我如何确认这只是由于计算顺序不同而导致的浮点数计算的变化?
/ 结束编辑
我的实现如下:
package ta
import (
"math"
)
func BollingerBands(values []float64, period int) ([]float64, []float64, []float64) {
deviationsUp := 2.0
deviationsDown := 2.0
middleBand := Sma(values, period)
offset := len(values)-len(middleBand)
var upperBand []float64
var lowerBand []float64
for idx, v := range middleBand {
backIdx := offset+idx-period+1
curIdx := offset+idx+1
if backIdx < 0 {
backIdx = 0
}
stdDev := SliceStdDev(values[backIdx:curIdx])
upperBand = append(upperBand, v + (stdDev * deviationsUp))
lowerBand = append(lowerBand, v - (stdDev * deviationsDown))
}
return upperBand, middleBand, lowerBand
}
// Sma produces the Simple Moving Average for the
// supplied array of float64 values for a given period
func Sma(values []float64, period int) []float64{
var result []float64
for index,_ := range values {
indexPlusOne := index+1
if(indexPlusOne>=period) {
avg := Mean(values[indexPlusOne-period:indexPlusOne])
result = append(result, avg)
}
}
return result
}
// SliceMean returns the Mean of the slice of float64
func SliceMean(values []float64) float64 {
var total float64=0
for _,element := range values {
total += element
}
return total / float64(len(values))
}
// SliceVariance returns the variance of the slice of float64.

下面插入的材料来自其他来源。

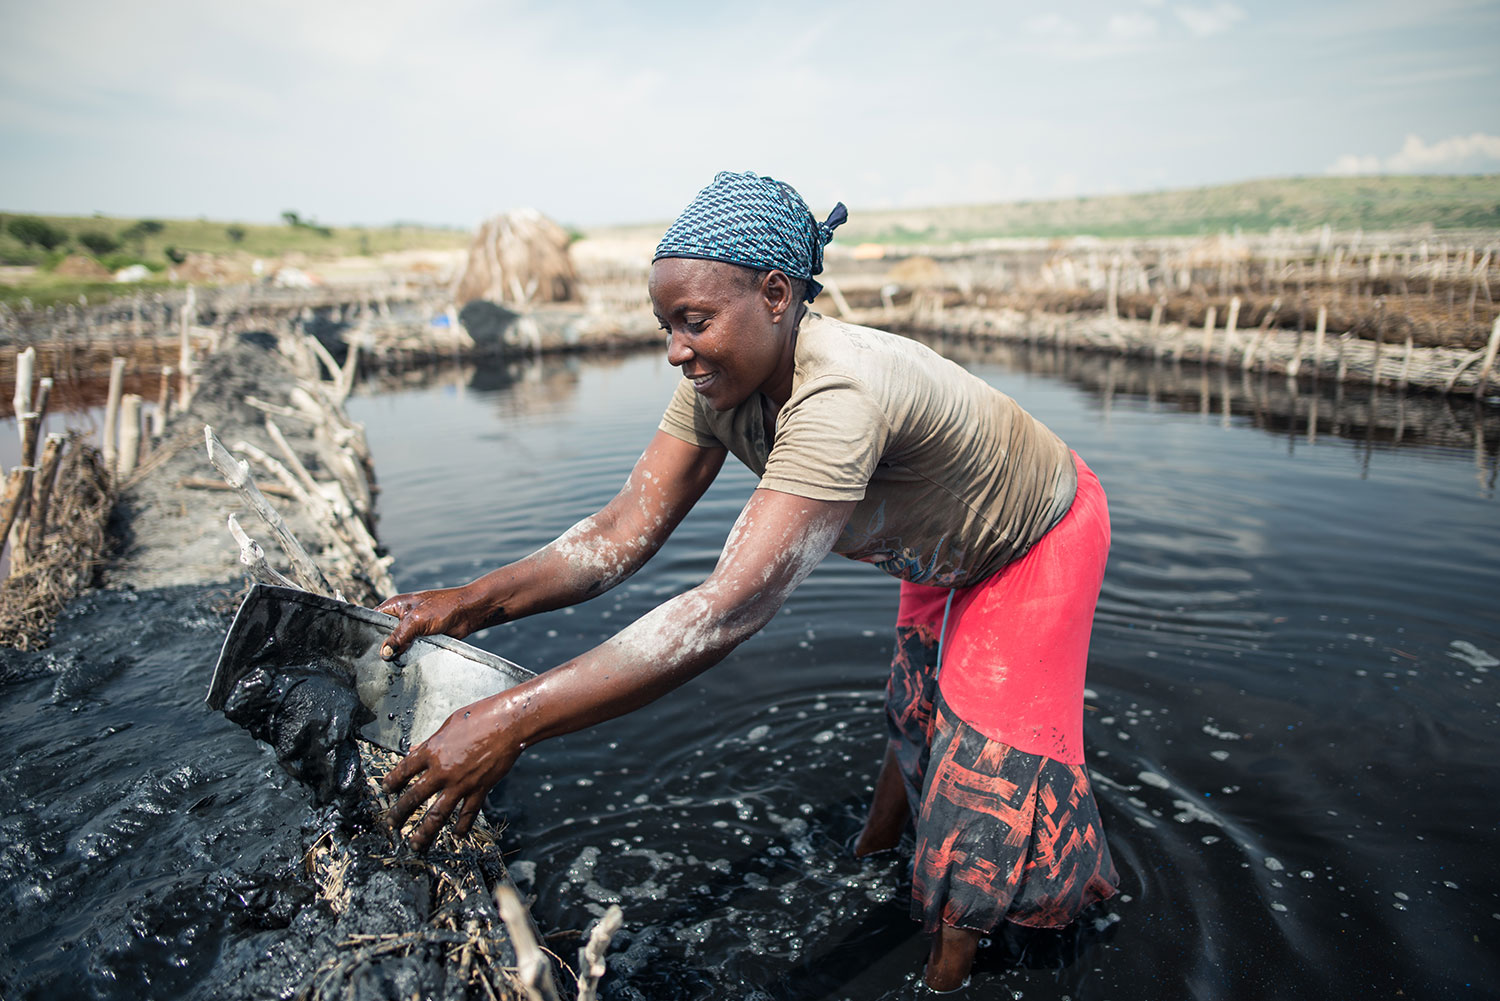 Katwe / Uganda - October 25, 2016: African woman working in the salt mining industry in a salty lake in Uganda

func SliceVariance(values []float64) float64 {
if 0 == len(values) {
return 0.0
}
m := SliceMean(values)
var sum float64
for _, v := range values {
d := v - m
sum += d * d
}
return sum / float64(len(values))
}
// SliceStdDev returns the standard deviation of the slice of float64.
func SliceStdDev(values []float64) float64 {
return math.Sqrt(SliceVariance(values))
}
这将导致上轨带的以下值 <[]float64 | len:6, cap:8>: [94.92564730599291, 94.50588827974477, 92.12752961253167, 101.58367006802706, 114.64331379078675, 120.58088881180322]
。
使用Ruby:
require 'indicator/mixin'
x = [26.0, 54.0, 8.0, 77.0, 61.0, 39.0, 44.0, 91.0, 98.0, 17.0]
y = x.indicator(:bbands_5)
# {:out_real_upper_band=>[94.9256473059929, 94.50588827974477, 92.12752961253167, 101.58367006802709, 114.64331379078678, 120.58088881180323, nil, nil, nil, nil] <SNIP>}
以上是要翻译的内容。
英文:
I am working on developing a library of technical indicators directly in golang. It is, among other things, an exercise in learning golang.
I've been validating the results of my algorithms by building test cases with data generated with TA-Lib (or rather the ruby wrapper around TA-Lib).
This has been working fine until I got to the implementation of Bollinger Bands. My implementation seems to work fine, but differs at the 14-15th decimal place.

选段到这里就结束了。